Ни эти двое в черном, никто из "компетентных лиц" потом не говорят К., в чем он обвиняется. В первый момент, когда еще сообщают об аресте, он задает естественный вопрос: "А за что?" – и получает исчерпывающий ответ: "Мы не уполномочены давать объяснения. Идите в свою комнату и ждите. Начало вашему делу положено, и в надлежащее время вы все узнаете". И вот К., оказавшись в положении подследственного, обвиняемого – причем обвиняемого неизвестно в чем, – начинает обивать пороги официальных инстанций, ходит по адвокатам, один отсылает его к другому, дело обрастает побочными бюрократическими обстоятельствами и соображениями, некоей плотью. Но самое поразительное во всем этом – К. обивает пороги бюрократических инстанций не для того, чтобы выяснить причину своего ареста или чтобы доказать свою невиновность. Он все больше и больше начинает действовать так, чтобы каким-нибудь образом улучшить исход будущего процесса, облегчить себе приговор. Он заискивает, ищет ходы, действует через знакомых, их родственников и т.д. То есть он ведет себя как виновный, он начинает приспосабливаться.

Отчетливо вырисовываются две стороны конфликта, появляется сила, которая обусловливает судьбу этого человека. Эта сила – некая сложная и разветвленная форма социальных установлений, предельно бюрократизированная, предельно бездушная, спаянная круговой порукой, – сила, за которой не просматривается никакой рациональной цели, разве что одна: подавить данного индивида К., внушить ему чувство вины.

У Кафки в "Процессе" есть лишь одно определение для этой силы – предельно обобщенно – Закон, так сказать, символизированная необходимость, власть внешнего мира, торжество необходимости над индивидуальной свободой. Если посмотреть на роман Кафки в этом ракурсе, то перед нами вариант маленького человека, задавленного этой бюрократической машиной.

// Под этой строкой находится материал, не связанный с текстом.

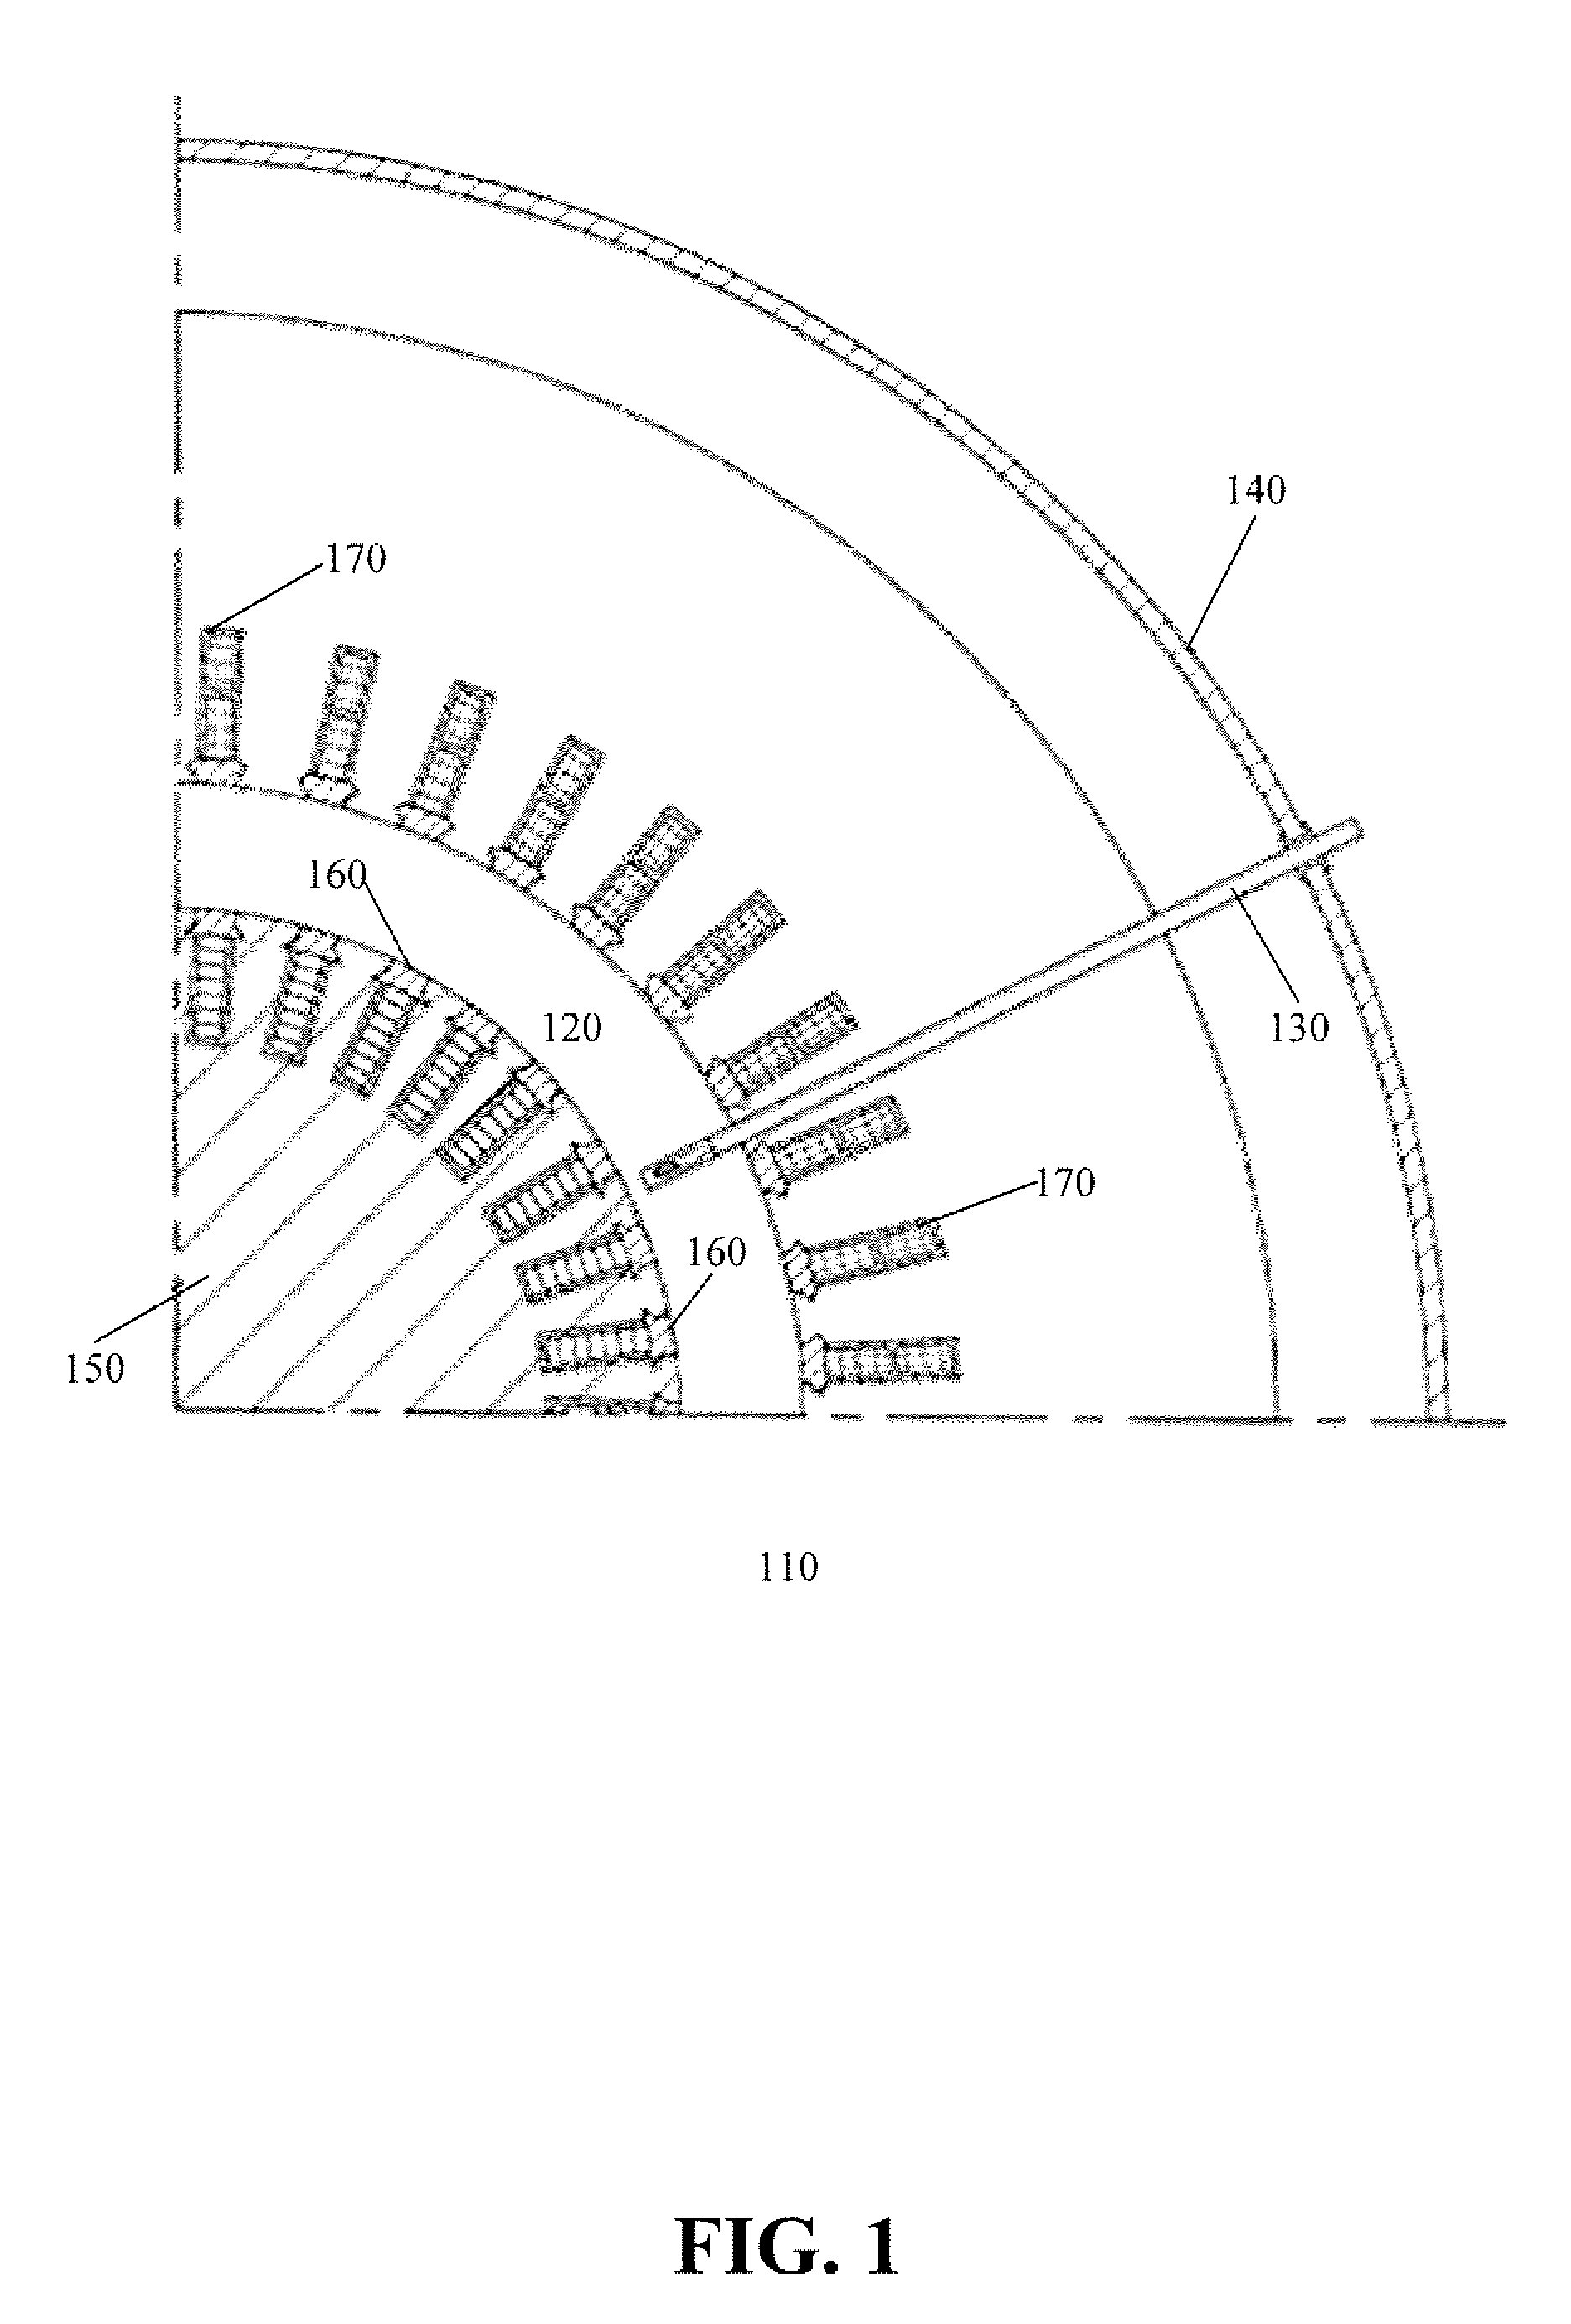 Methods and Systems for Detecting Rotor Field Ground Faults In Rotating Machinery

Сам Кафка определял «Перед законом» в своих дневниках как легенду, в других местах также как текст, историю и рассказ. Легенда хранителя врат часто понимается как притча. Но исследования немецких ученых последних лет показывают, что «Перед законом» не соответствует классической притче и с этим твердо обоснованным фактом нельзя не согласиться. "Притча" отличается косвенным изображением проблемы. В притче ситуация представляется образно, в форме иносказания. Эта форма изображения относится не только к себе самой, а отсылает одновременно к чему-то похожему, а именно в общую плоскость вещей. Традиционная притча требует от реципиента сравнения воплощенного образца с действительностью. Заданием реципиента является поиск в ней поучительной основы. У Кафки же притча остается, в конечном счете, неразрешенной. В рамках ее публикации в контексте романа легенда хранителя врат не может принимать ни функцию, ни значение классической притчи, так как она изначала соотносится с ситуацией Йозефа К. и руководствуется в первую очередь нею. Как независимое и самостоятельное произведение, легенда также не позволяет читателю никакую однозначную проекцию плоскости изображения в общую плоскость вещей. Она не воплощает типичную, повседневную и общественную мораль, неписанные законы.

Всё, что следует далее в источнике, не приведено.